The surface-to-surface radiation type model (S2S) is used to compute radiative heat loss modelled by the discrete beam approach [5, 31]. The net radiation methodology simplifies the S2S model, where the surface is divided into a limited number of big panels with uniform radiation flux, temperature, and emissivity [50]. Moreover, the energy exchange between the two surfaces relies on parts of various sizes, separation distance, and orientation [40]. In fact, the near-wall formulation decides the exactness of the wall shear stress and the heat transfer prediction, and it significantly affects the growth of boundary layers [59]. Inflation layers accurately estimate the flow performance at the boundary layer. In addition, non-dimensional wall distance in manikin surface \({y}^{+}\) [18, 43, 59] is defined as:

$$y^{ + } = \frac{{u_{\tau } \times y}}{v}$$
(14)
$$u_{\tau } = \sqrt {\frac{{\tau_{w} }}{\rho }}$$
(15)

where \({y}^{+}\): wall unity. \(y\): distance normal to the wall surface. \({u}_{\tau }\): friction velocity. \(v\): kinematic viscosity. \(\rho\): air density, kg \({\mathrm{m}}^{-3}.\) \({\tau }_{\text{w}}\): wall shear stress, Pa.

Conclusions

This paper studied the research of CFD analysis techniques in indoor ambient environments. In the first place, the current study found that the critical increment in the quantity of MV, DV, PV, and SV system research appeared using the CFD program with robust ventilation system types related to various backgrounds of HVAC systems. For the human body, this study mainly concentrates on the CTM, employing different types of ventilation in the CFD to better know its effect on the local thermal state. Overall, the CFD past studies investigated are a valuable method for predicting occupants’ thermal comfort. Nevertheless, the current investigations do not inspect the stratum ventilation that would influence the overall or local thermal comfort of the individual occupant in the high-rise buildings in tropical regions.

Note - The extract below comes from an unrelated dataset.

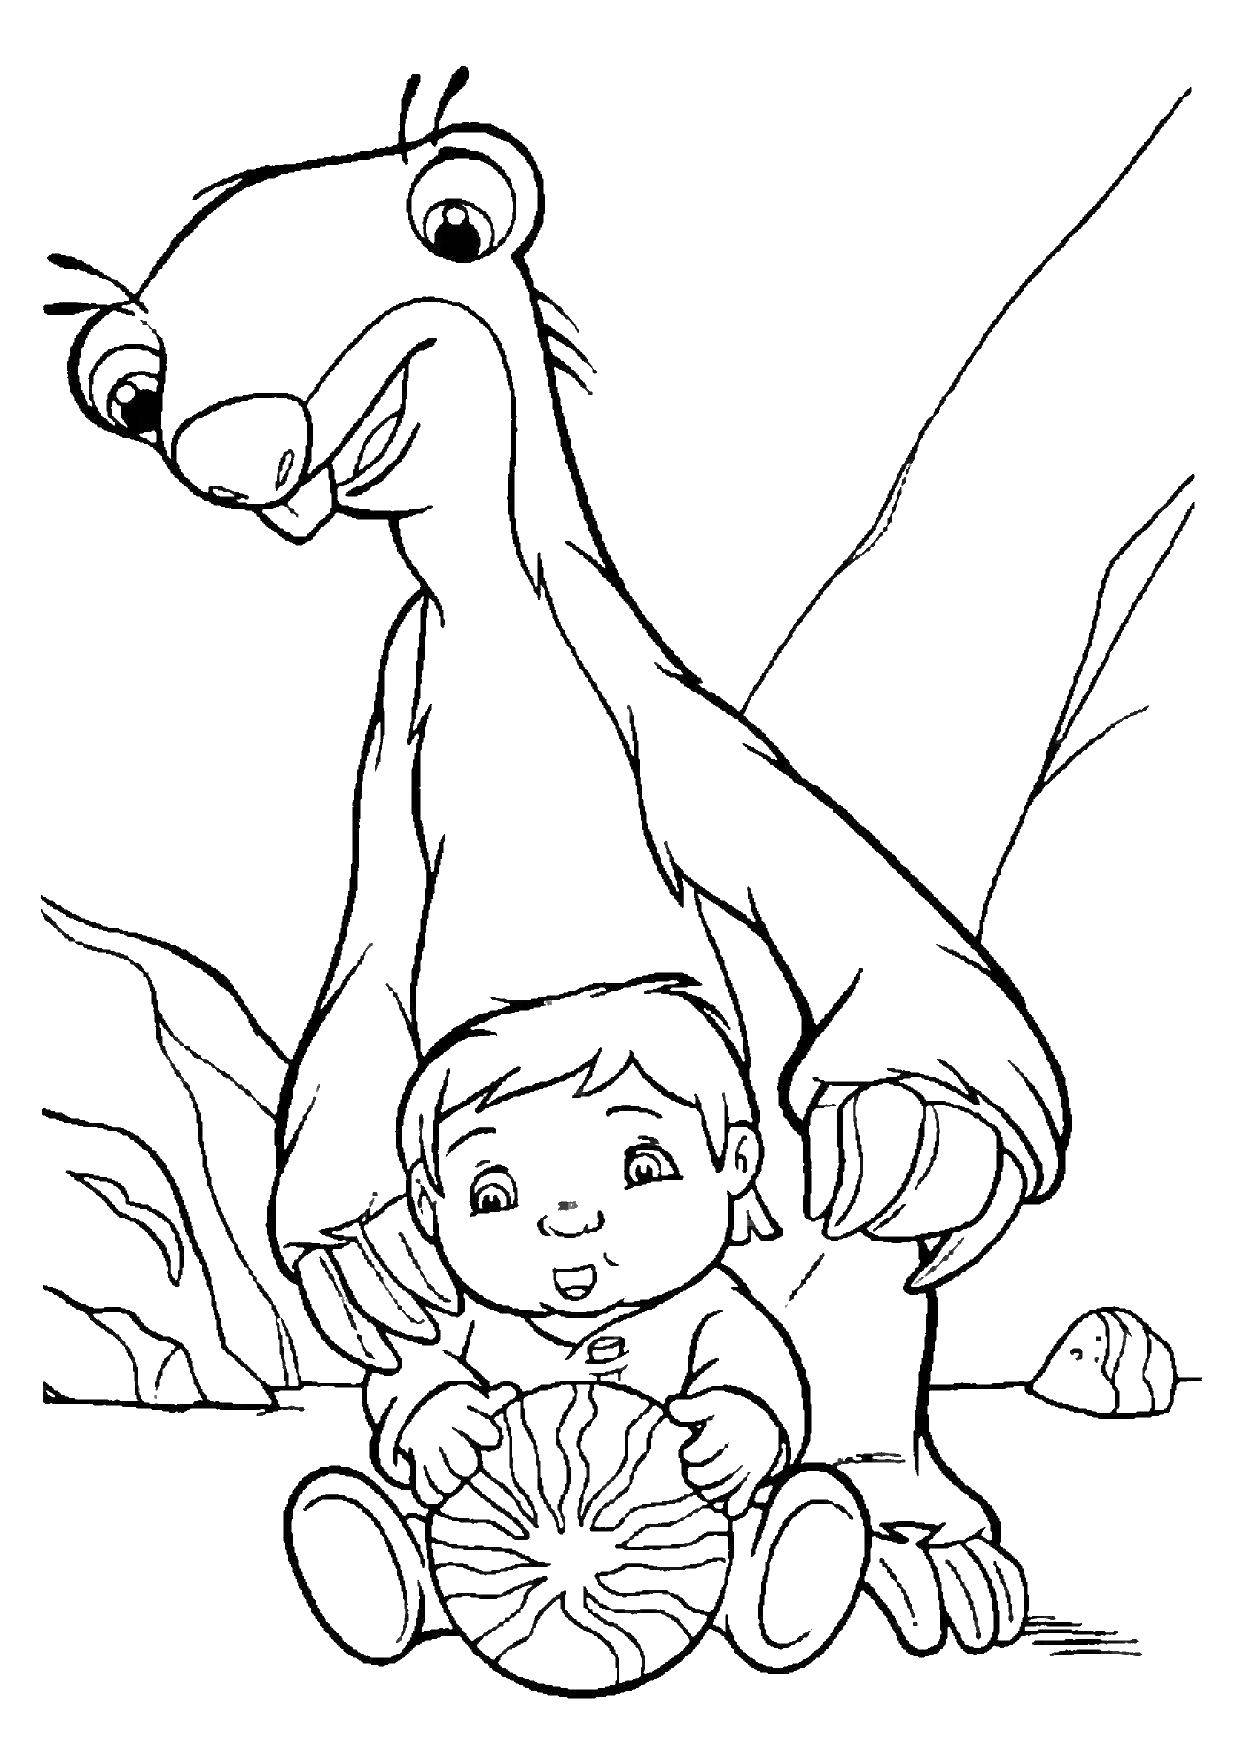 Название: Раскраска Сид и ребенок. Категория: ледниковый период. Теги: сид, ребенок, мяч.

Moreover, the proper CFD outcomes require deep consideration of the numerical structure. Knowing this is essential for enhancing the SV performance linked with other structured systems and advancing its use. It is precious to experience what environmental conditions create thermal comfort in the building design. If a simple model of humans can predict a level of dissatisfaction with the ambient condition, then this is a real bonus. Moreover, designing a thermally comfortable indoor space requires determining thermal comfort levels through modelling that designers can adopt to compare various design performances and enlarge the perceived level of thermal comfort. Besides, policymakers can adopt the predictions made by the model to support technologies that produce satisfactory comfort levels while consuming less energy. In other words, if the thermal comfort is implemented well, the energy efficiency in a building could be improved as well. For this purpose, it is preferable to predict and control thermal comfort criteria in the initial stage of designing a building and its HVAC systems in full compliance with sustainability and international standard of the acceptable thermal environment.